Somatic Mutation Discovery

Background:

Castleman disease (CD) is a heterogeneous group of disorders involving systemic inflammation and polyclonal lymphoproliferation. Of note, there are no clonal cell populations that are visible microscopically and no evidence of spreading or “metastasis” which is often the case with somatically-mutated/clonal malignancies. Nevertheless, given the clinico-pathologic similarities between iMCD and disorders like Hodgkin lymphoma and angioimmunoblastic T cell lymphoma, the field has long hypothesized that a rare population of somatically mutated clonal cells may be involved in UCD and iMCD pathogenesis. Recently, somatic mutations have been described in a couple studies of unclear/poor quality in patients with unicentric CD (UCD) and idiopathic multicentric CD (iMCD). suggesting a potential role for somatically mutated cells in pathogenesis. Given that the lymph node is the site of histopathologic changes required to diagnose CD, the lymph node tissue has been considered the most likely site where somatically mutated cells may be if present in CD.

Project Plan:

Extracted DNA from FFPE slides from 84 patients including multiple CD subtypes, positive disease controls, and healthy individuals as well as extracted DNA from PBMC samples which will be used to screen out potential germline mutation.

Research Questions:

  1. QC: Are there somatic mutations identified in the 14 healthy controls between DNA from the lymph node tissue and the spleen (negative control)? Hypothesize no.
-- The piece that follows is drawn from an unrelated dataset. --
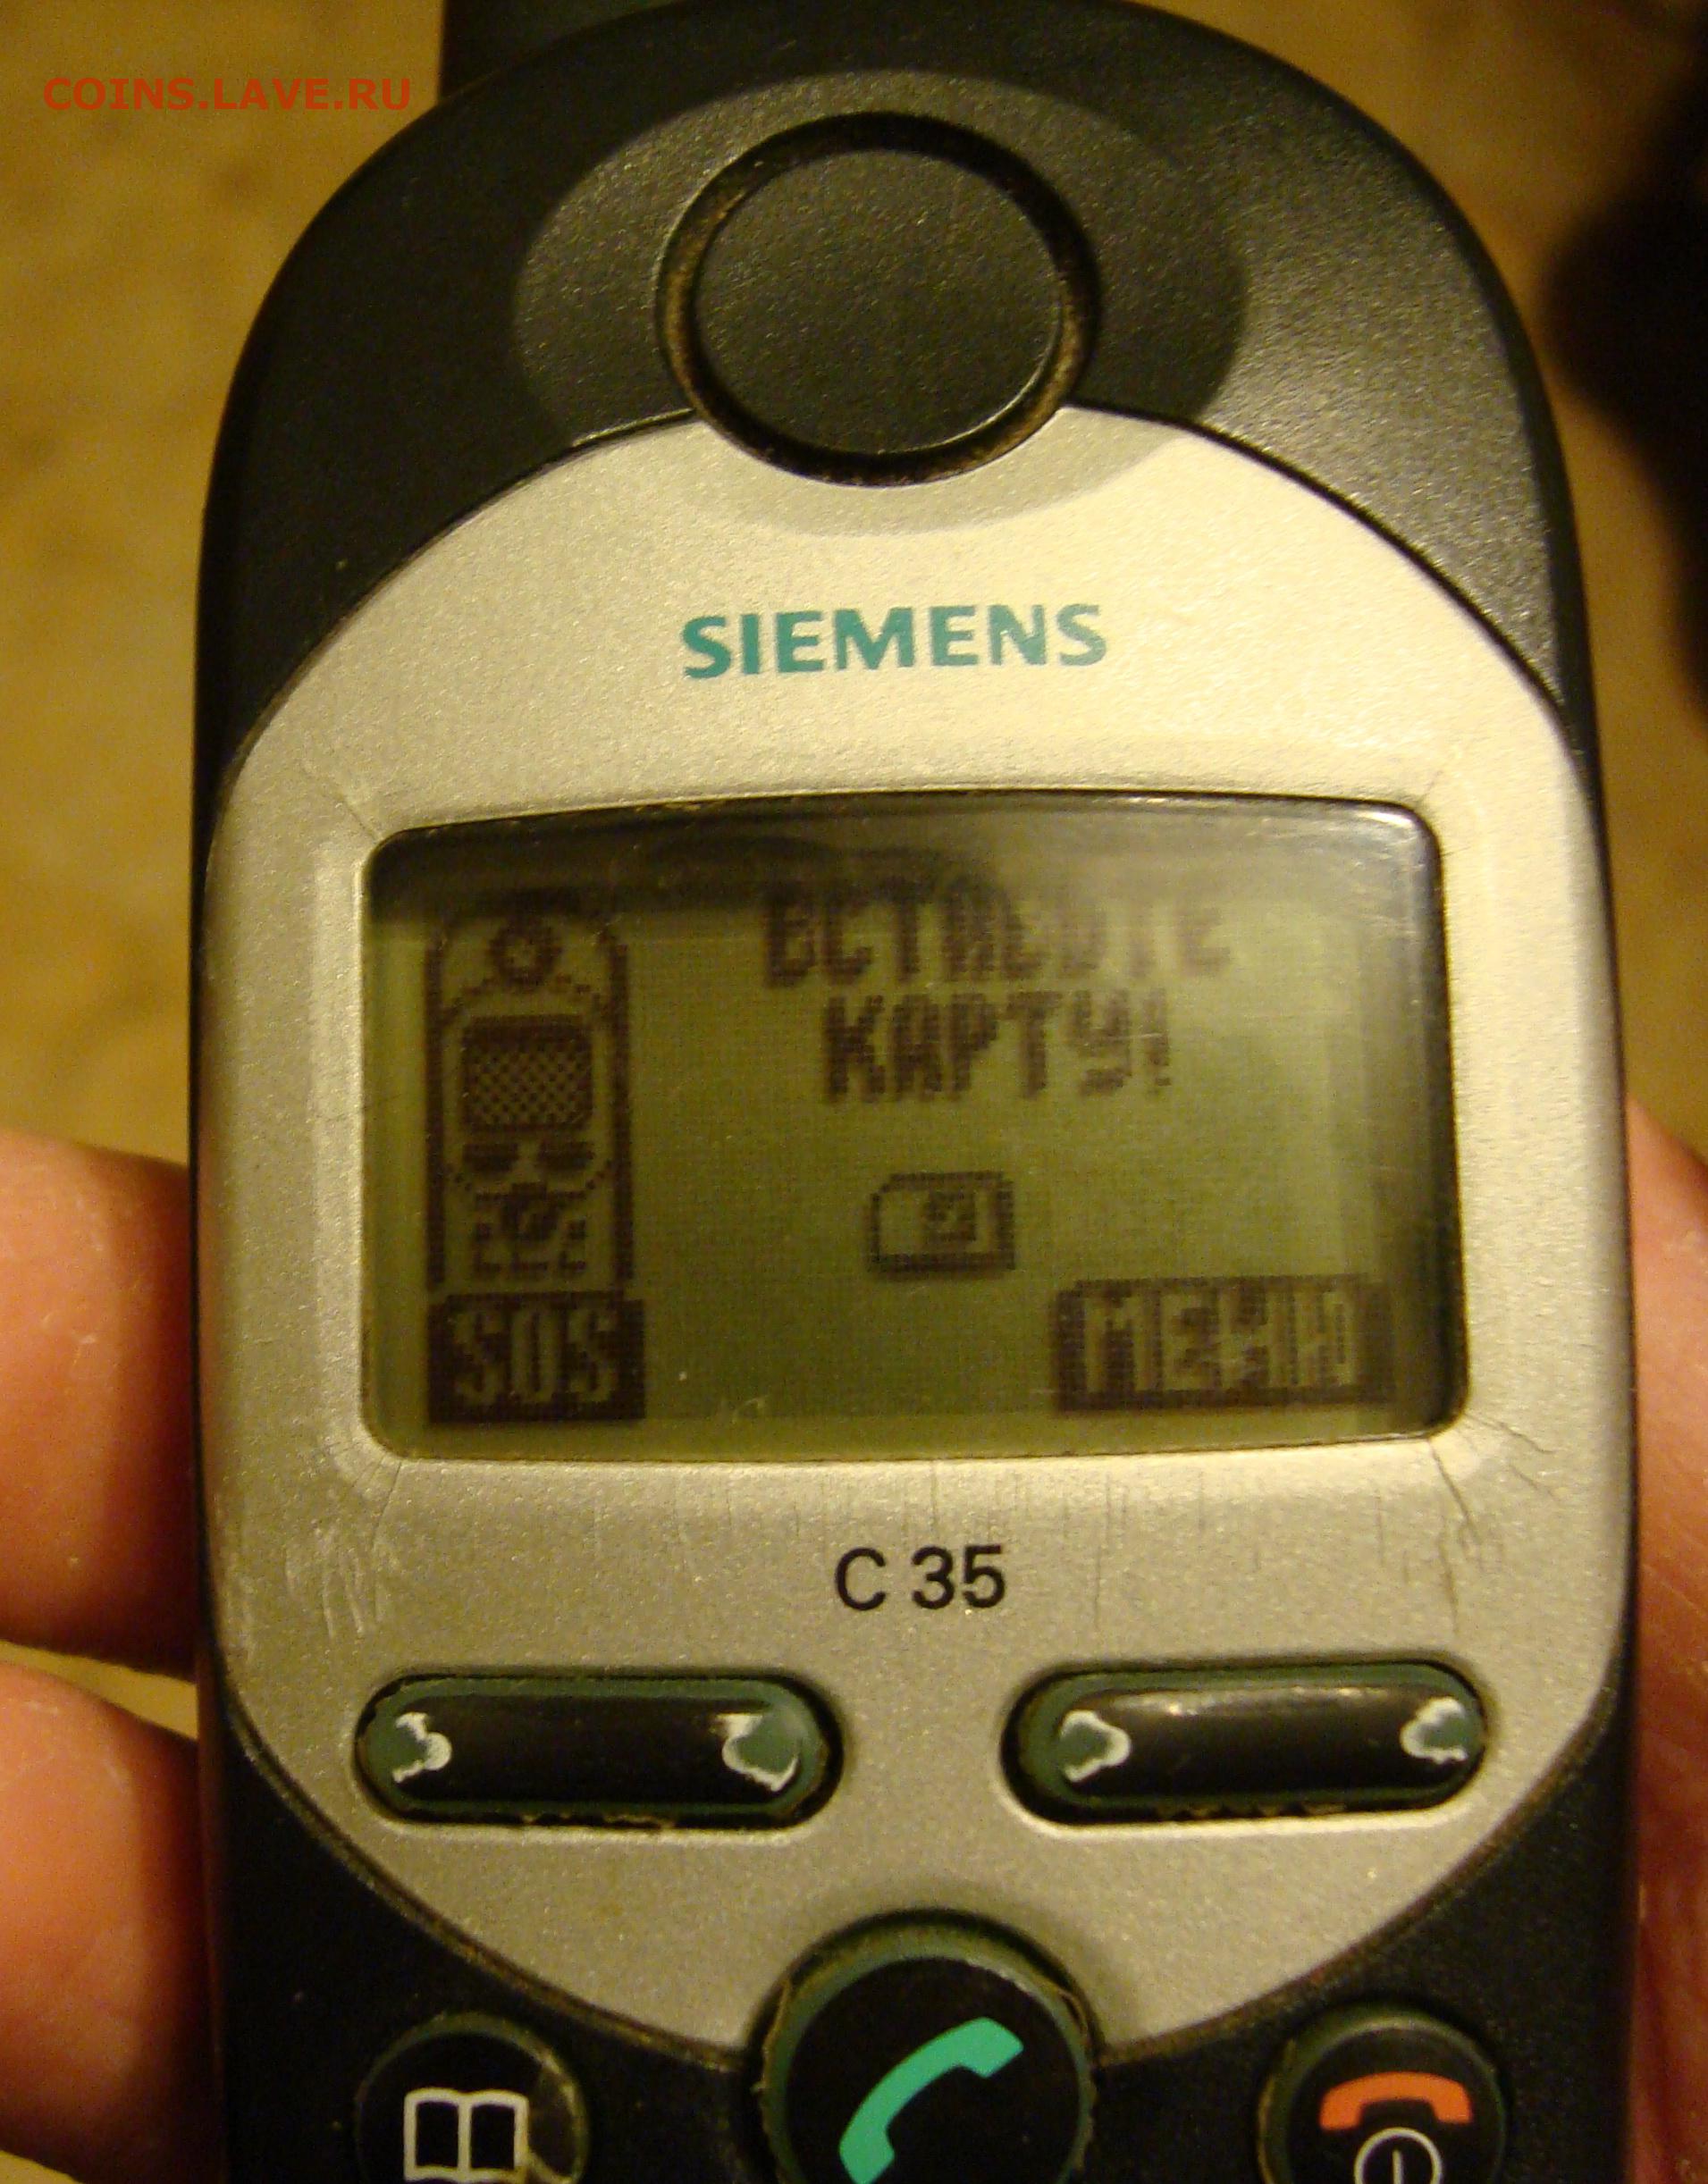 Сименс немецкой сборки. Сименс а35. Мобильник Сименс с35. Сотовые телефоны Siemens a35. Мобильный Сименс с35 антенна.

  2. QC: Are there somatic mutations identified in the 5 ulcerative colitis lymph node samples (negative control)? Hypothesize no.

  3. QC: Are there somatic mutations identified in the DLBCL samples that have been previously reported in DLBCL (positive control)? Hypothesize yes.

  4. Are there multiple, recurrent somatic mutations in the same gene (and/or same locus) in lymph node tissue across multiple patients in our CD cohort? 

  5. Are there multiple somatic mutations in different genes in the same pathway in lymph node tissue across multiple patients in our CD cohort?

  6. Are there any single somatic mutations that may be involved in CD and require further functional studies?